10 Aralık 1948, uygarlık tarihinde çok önemli bir dönemeç. Henüz üç yaşındaki Birleşmiş Milletler (BM) örgütü, genel kurulda “İnsan Hakları Evrensel Bildirgesi”ni (İHEB) Doğu-Batı blokunun büyük uzlaşması (mülkiyet hakkı ikilemi!) ile benimser. Temel hedef yeryüzünde kalıcı bir barış, gönenç, uygarlık yaratmaktır. İlk maddesinde çok doğallıkla, tüm insanların özgür doğduklarına (köleliğin reddi!), hak ve özgürlükler bakımından hukuk önünde eşit olduklarına güçlü vurgu yapar.

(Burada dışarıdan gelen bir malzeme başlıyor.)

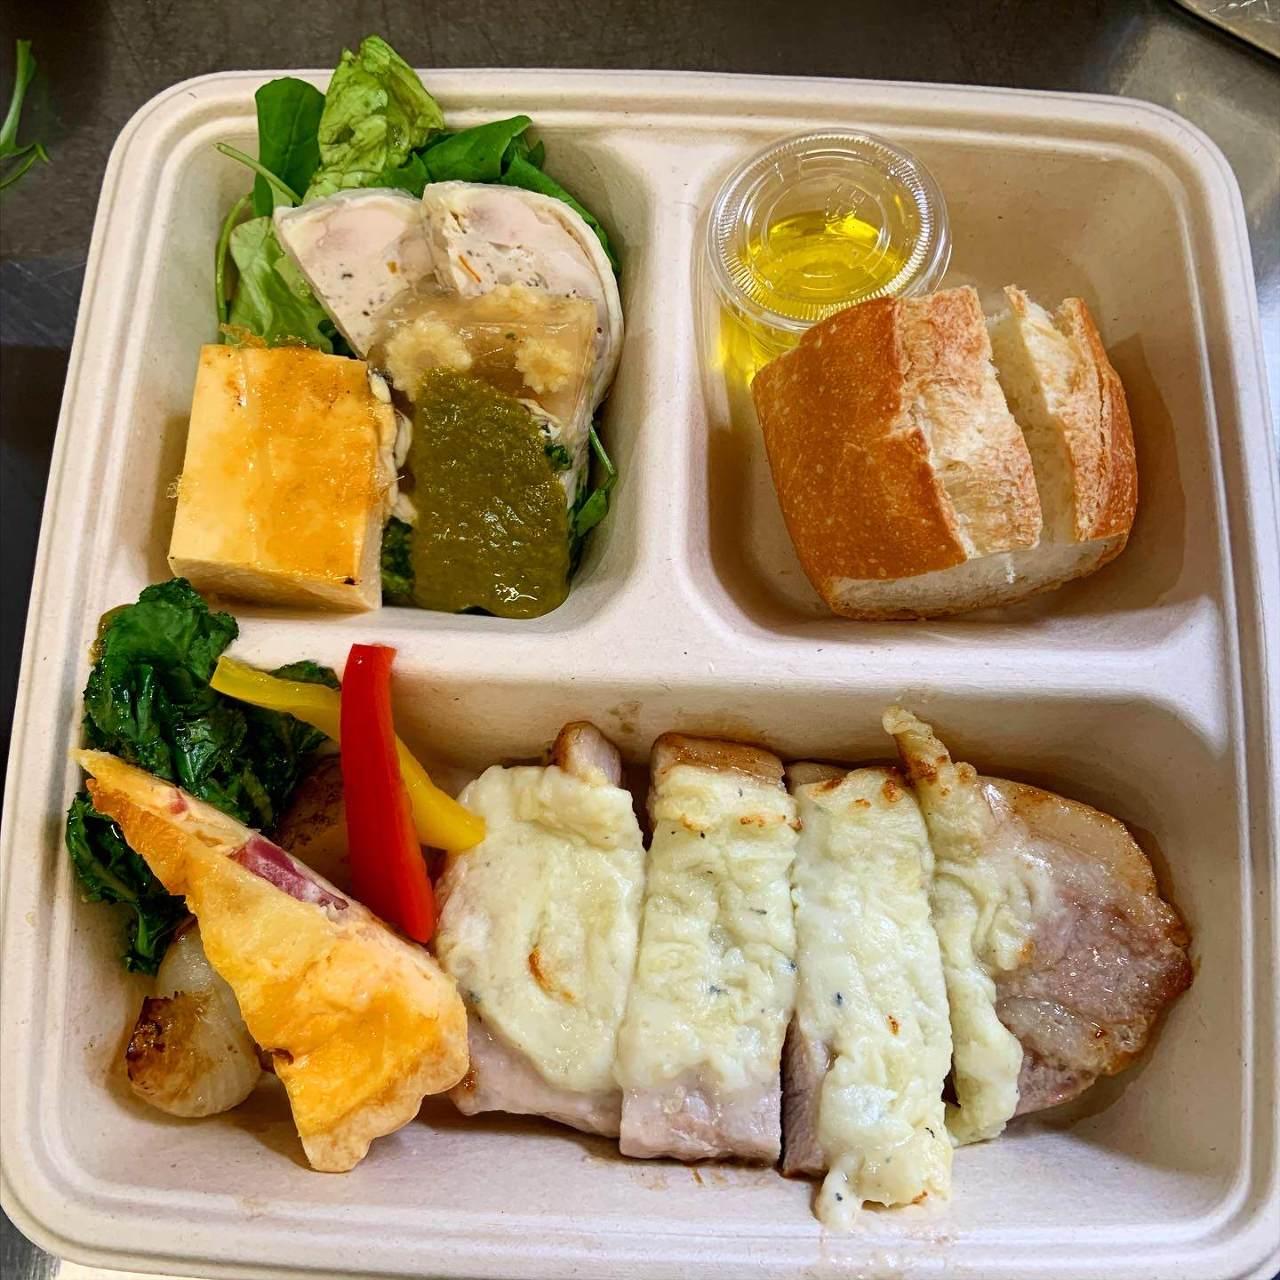 「フレンチBOX」 前菜・メイン・パン・デザートの充実BOX

Kabul edilmesinden bu yana geçen 75 yılda, insan hakları alanında gerek uluslararası gerek ulusal düzeyde bütün olumlu gelişmelerde etkili olmuştur. Türkiye, Bakanlar Kurulu kararı ile bildirgenin resmi Türkçe çevirisini Resmi Gazete’de yayımlanmıştır (27.05.1949, s.7217). İHEB, insan haklarının evrensel kabul gören ilkelerini belirlemektedir ve insan hakları alanında önemli bir öncü belgedir. İnsanların doğal varlığındaki onuru ile eşit ve devredilemez haklarını tanımanın dünyada özgürlük, adalet ve barışın temeli olduğunu vurgulamaktadır. İHEB, insan haklarının, bu haklar temelli hukukun üstünlüğüyle korunmasının önemli, gerekli ve olanaklı olduğunu belirtmektedir.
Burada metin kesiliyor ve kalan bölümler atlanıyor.